# Thinking about a Niche, Shop Attraction, or something for SHOCKVALUE...HELP!



## integra9023 (Dec 12, 2009)

I own a car stereo shop in Lincoln, Nebraska ; GP Customs. We are a Mmats Dealer and thinking about building something stupid big like a "Wall of Doom" or something like a thick plexiglass box centerpiece with a massive subwoofer for burping purposes or "shock value. There is a store a 100 miles away Metro Audio Dyanmics that has a WALL or Doom with like 40 Treo Subwoofers inside it thats pretty cool. The only issue is that my showroom is only like 800 sq feet! I want something to get the high school kids down the street to stop in more often (even thought they already come in now!). Something that people can be like "thats awesome". Obviously something like this is a little wasteful because you can't really sell it but I consider it kind of an inverstment. Any ideas would be greatly appreciated! Thanks in advance!

Robert, GP Customs
402.421.0888
www.gp-customs
facebook.com/gpcustoms


----------



## Angrywhopper (Jan 20, 2010)

I worked at a shop that was right next to a high school once. High schoolers in general were bad customers because they can't afford car audio.


----------



## trumpet (Nov 14, 2010)

I'm not a shop owner, nor is car audio the big money maker where I work, but here's my 2 cents:

Let your advertising and quality of work, as well as the brands you choose to carry do the talking. My sales figures to high school students are nearly nothing, because as Angrywhopper pointed out they either don't have money, or in my case they have their buddy install their gear that they got elsewhere. 
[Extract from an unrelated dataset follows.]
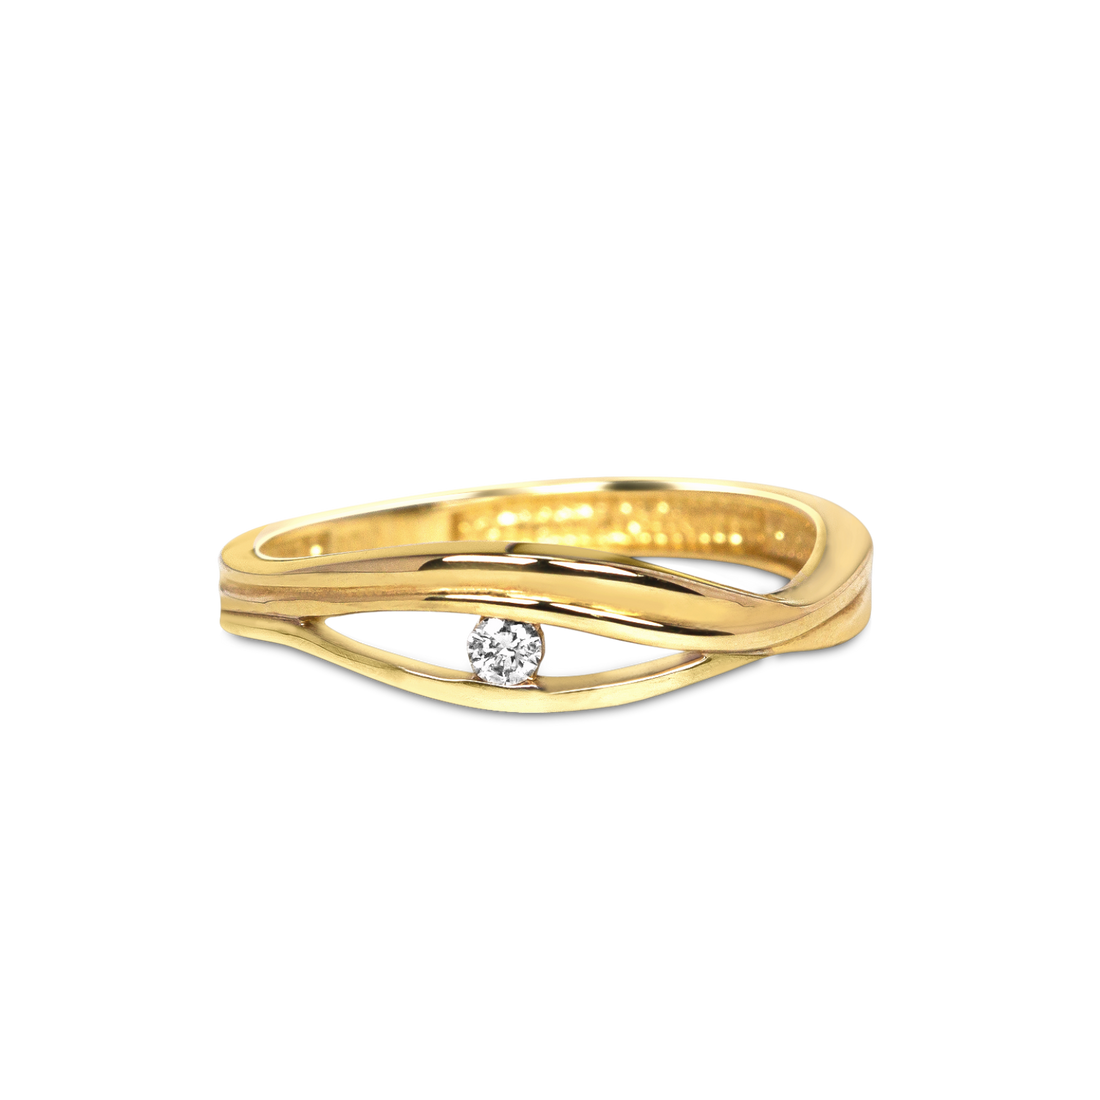 evil eye diamond ring, gold evil eye ring canada, diamond gold evil eye ring canada dainty

Do you really want to attract people who probably only want to gawk and waste your time? Can you afford the extra cost of utilities(electricity) as well as the loss of precious floor space to something that is a gamble?


----------



## integra9023 (Dec 12, 2009)

Here is the thing guys. I am next to the probably the most prestigous high school in town. We have done a mostly newer cars (bmws and volvos believe it or not). These kids have all been pretty cool but I want something to also spice things up. We do great work and there are only a couple stereo shops in town so we kinda have the market cornered, BUT i still want something that make people go " hey have you gone to GP Customs and see the *****?".... IDK maybe its a dumb idea just something though I thought would be cool!

Robert, GP Customs
402.421.0888
gp customs | automobile and commercial window tinting | car audio and stereo sales service installation | lincoln nebraska
facebook.com/gpcustoms


----------



## stills (Apr 13, 2008)

how about a super sale or discount for student ID?


----------



## integra9023 (Dec 12, 2009)

stills said:


> how about a super sale or discount for student ID?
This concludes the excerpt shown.